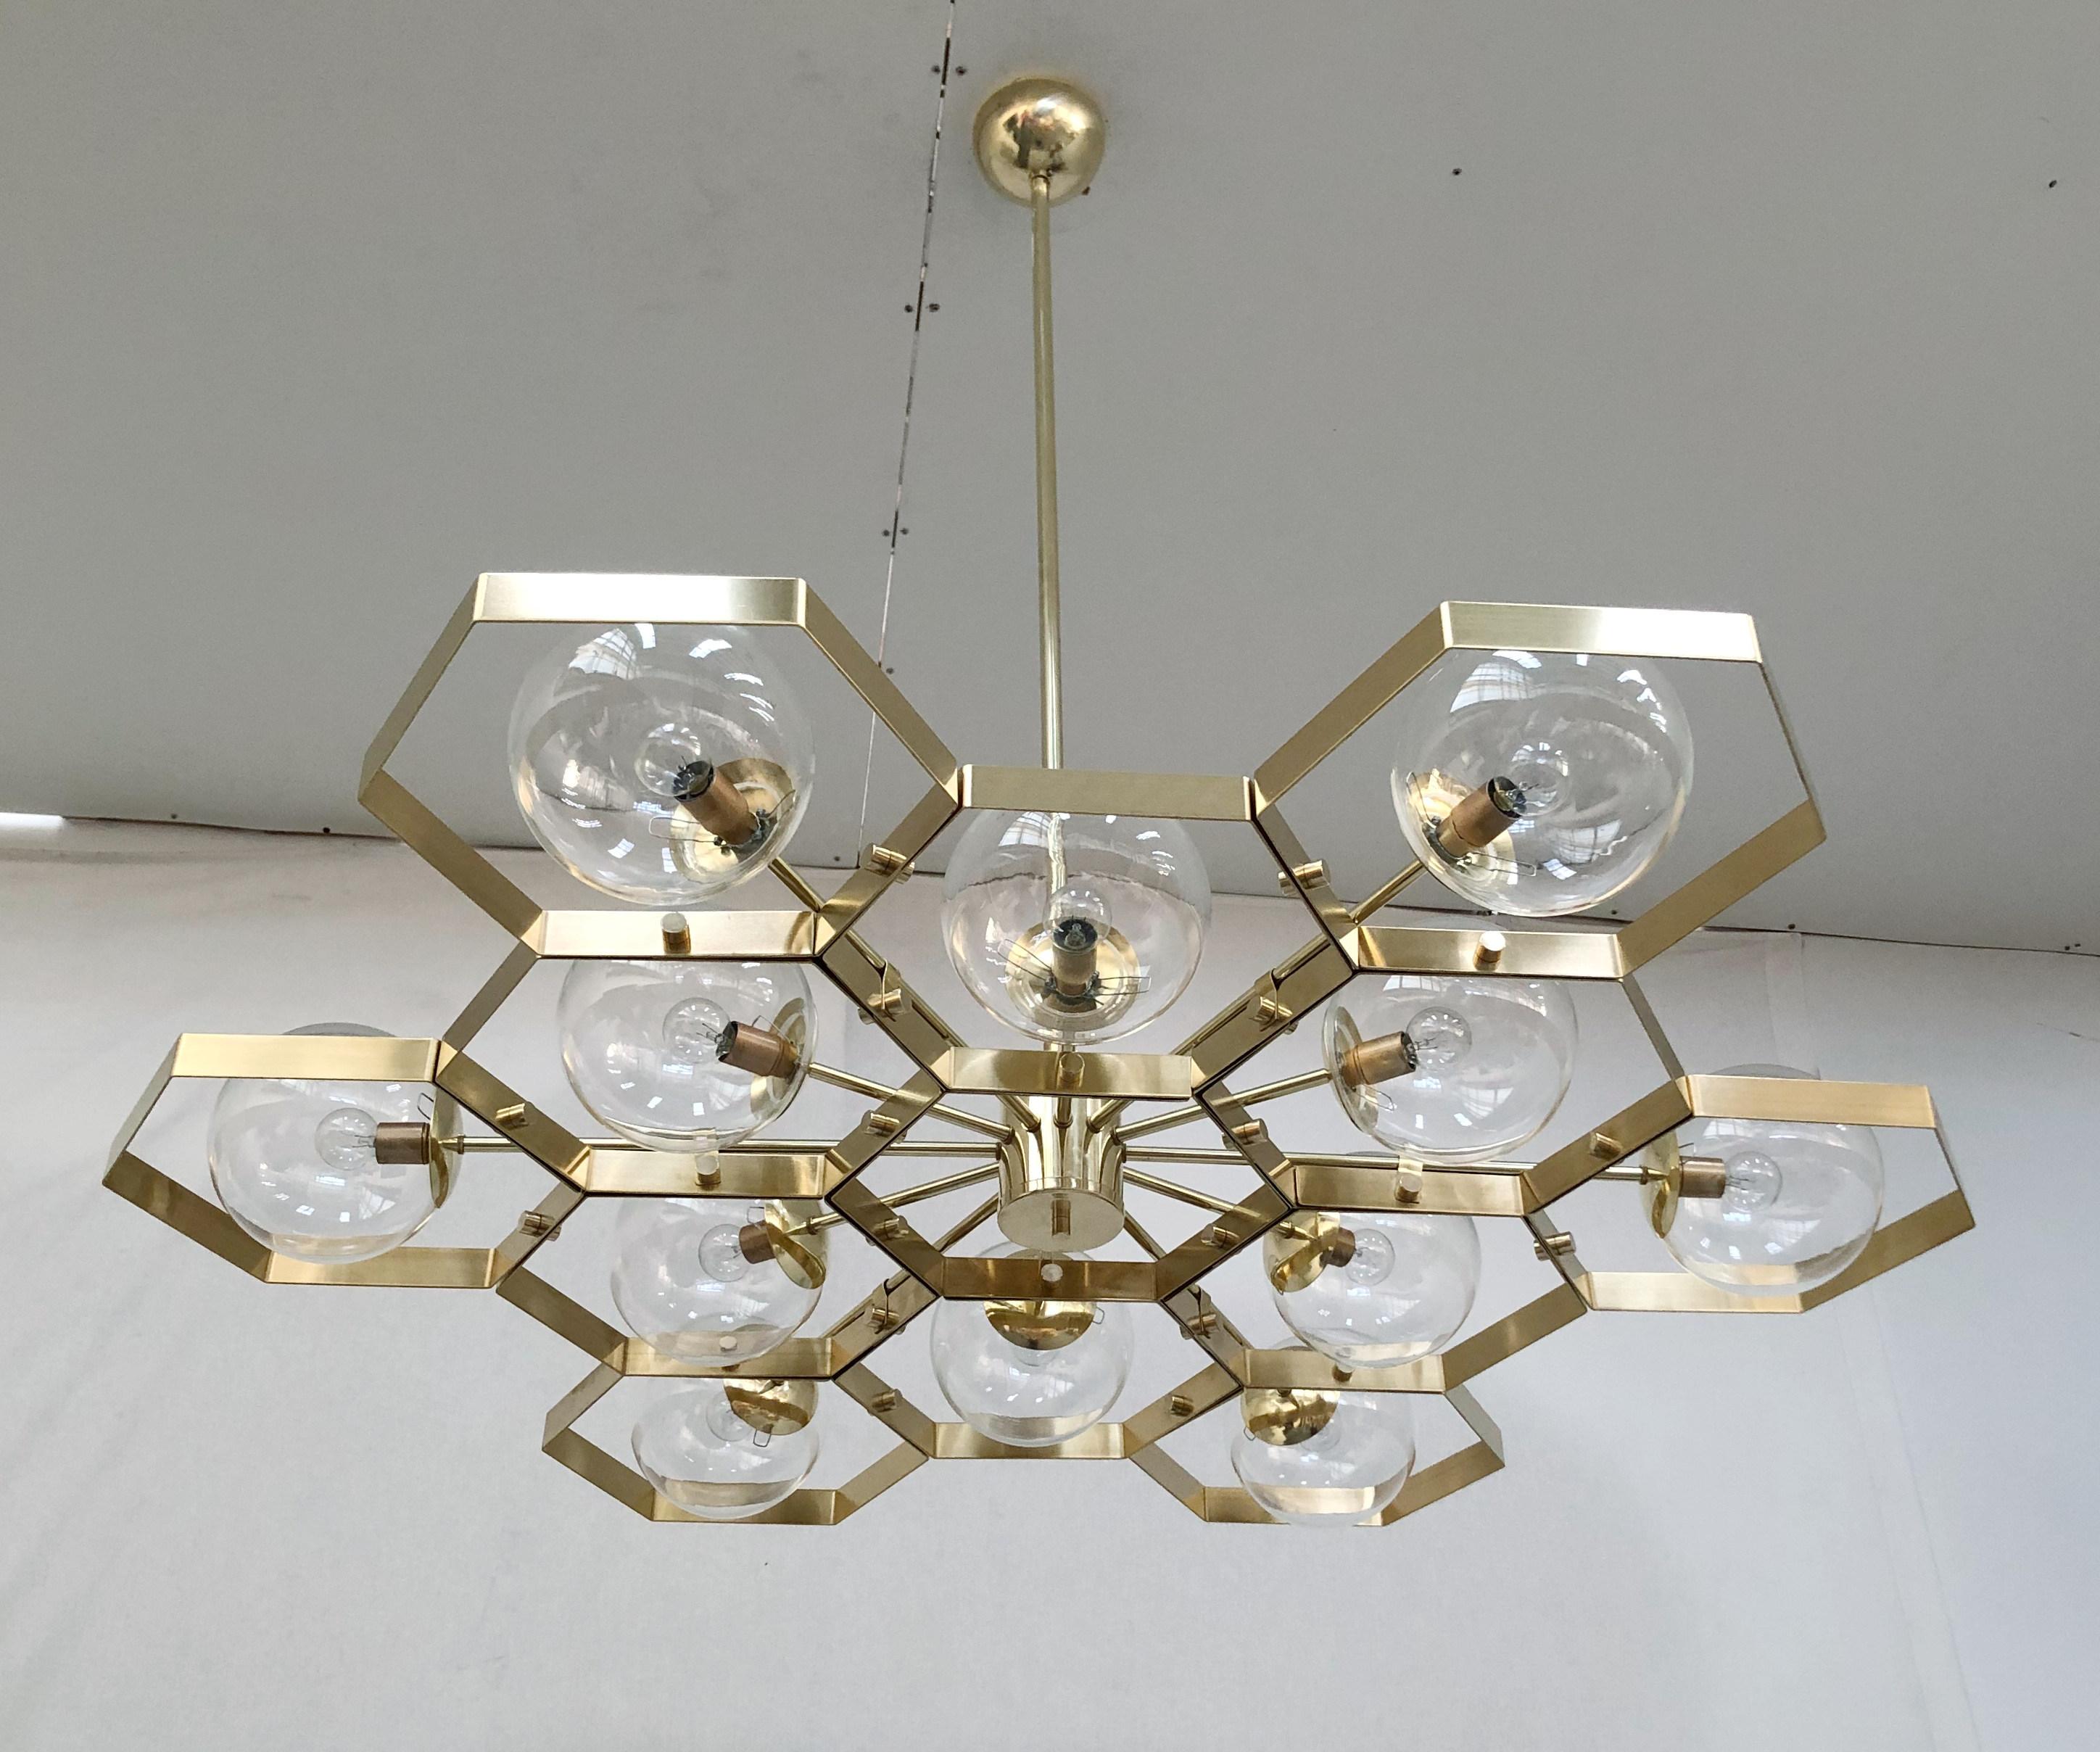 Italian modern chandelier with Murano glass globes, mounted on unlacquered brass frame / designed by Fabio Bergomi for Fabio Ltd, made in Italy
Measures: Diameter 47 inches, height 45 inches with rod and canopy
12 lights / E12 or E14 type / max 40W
++++++++
**PROBLEM DETAILS:**
Please return the whole listing exactly. Do not copy its images.

**ANSWER:**
 Italian modern chandelier with Murano glass globes, mounted on unlacquered brass frame / designed by Fabio Bergomi for Fabio Ltd, made in Italy
Measures: Diameter 47 inches, height 45 inches with rod and canopy
12 lights / E12 or E14 type / max 40W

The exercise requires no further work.